On PS5, Xbox Series and a capable PC, you get the cleanest experience. These versions target higher resolutions with a stable 60 frames per second during matches, quick loads and crisp UI. On PC, support for Steam Deck and other handhelds is particularly impressive. The game runs smoothly with default settings, has proper gamepad prompts for all major pad types and is already Steam Deck Verified. For an RPG-sports hybrid, being able to grind Chronicle or tinker with squads on a couch handheld is invaluable.

Switch 2 offers a surprisingly close experience to the big consoles, both docked and portable. Higher resolution and smoother performance make it feel like a genuine current-gen title. The original Switch, though, is where compromises pinch. Resolution drops, textures blur and there are occasional frame dips in busy cutscenes and multiplayer matches. None of it breaks the game, but if you have access to a more powerful system it is hard to recommend the old Switch version as your primary platform.

PS4 fares better than Switch, roughly matching a mid-tier PC profile, though load times are longer and fan noise can spike during heavy scenes. Across all platforms, online stability is more about your connection than the hardware, but the newer consoles and PC do benefit from snappier matchmaking and less stutter.

Does It Really Modernize Inazuma Eleven For Newcomers?

The crucial question is whether Victory Road works if you have zero nostalgia for the Raimon jerseys. Overall, yes. The direct control option, cross-play competitive scene and refocused presentation make this far more approachable than the older handheld entries.

Story Mode frontloads tutorials and gently explains its stranger systems. You do not need to know who anyone is when they pop up in Chronicle Mode. They are simply more tools for your toolbox, with lore you can choose to engage with or ignore. The only real barrier is that many of the most exciting special moves and team synergies are introduced with a knowing wink to fans, which can make the early hours feel like you are missing a shared joke. Push through that and the mechanics themselves are easy to appreciate on their own terms.

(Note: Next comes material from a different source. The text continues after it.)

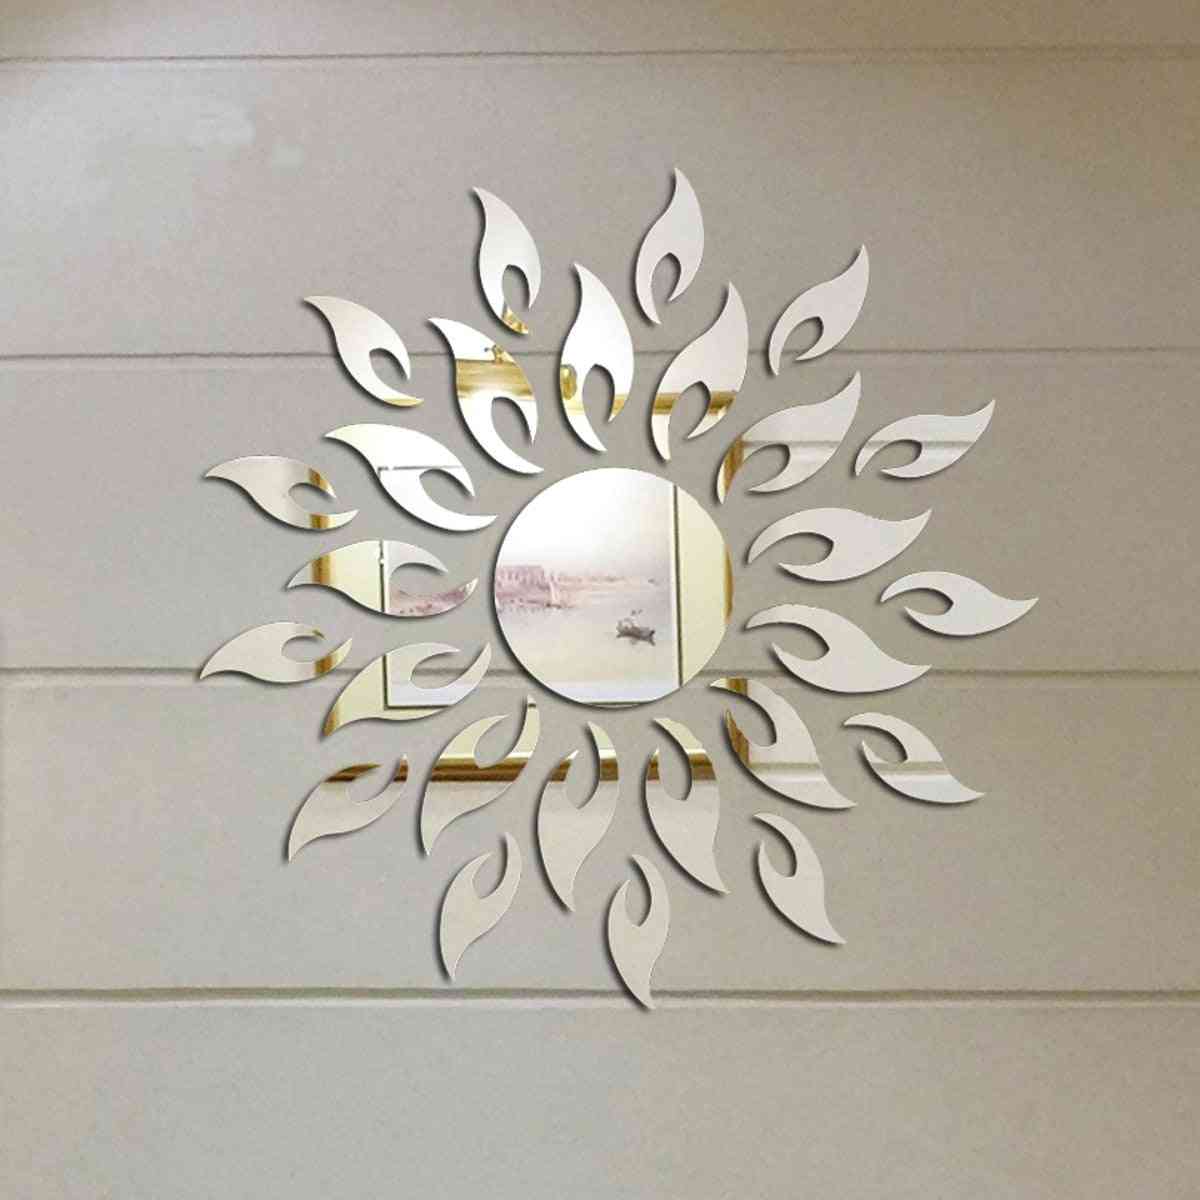 Etiqueta engomada desprendible decorativa del espejo de la pared de diy de la flor del sol de la sol 3d

Where the modernization feels incomplete is interface onboarding during competitive play and the stubborn quirks of the hybrid control philosophy. The game never quite commits fully to being either a sleek arcade footballer or a pure tactics sim, and newcomers might bounce off the initial clumsiness in camera and character switching. For a series that has been gone this long, a bolder rethinking of these fundamentals would not have hurt.

Verdict

As a comeback, Inazuma Eleven: Victory Road is a success. Story Mode is uneven but heartfelt, competitive play is far stronger and more rewarding than its anime trappings suggest, and team-building reaches a depth that can easily sustain hundreds of hours for invested players. Performance across modern platforms is solid, with PC, Switch 2 and PS5 or Xbox Series delivering the best mix of clarity and responsiveness.

It is not the flawless, era-defining revival some fans probably dreamed of. Legacy control baggage, occasionally clumsy interface decisions and a story that never fully hits the emotional heights of the original trilogy keep it short of greatness. But as a genuine modern sports RPG and a welcoming on-ramp for newcomers, it absolutely gets the ball in the net.

If you have ever wanted football to feel like a fully fledged JRPG, Victory Road is finally the game that makes that fantasy work in 2025.

Final Verdict

8.3
Great

A solid gaming experience that delivers on its promises and provides hours of entertainment.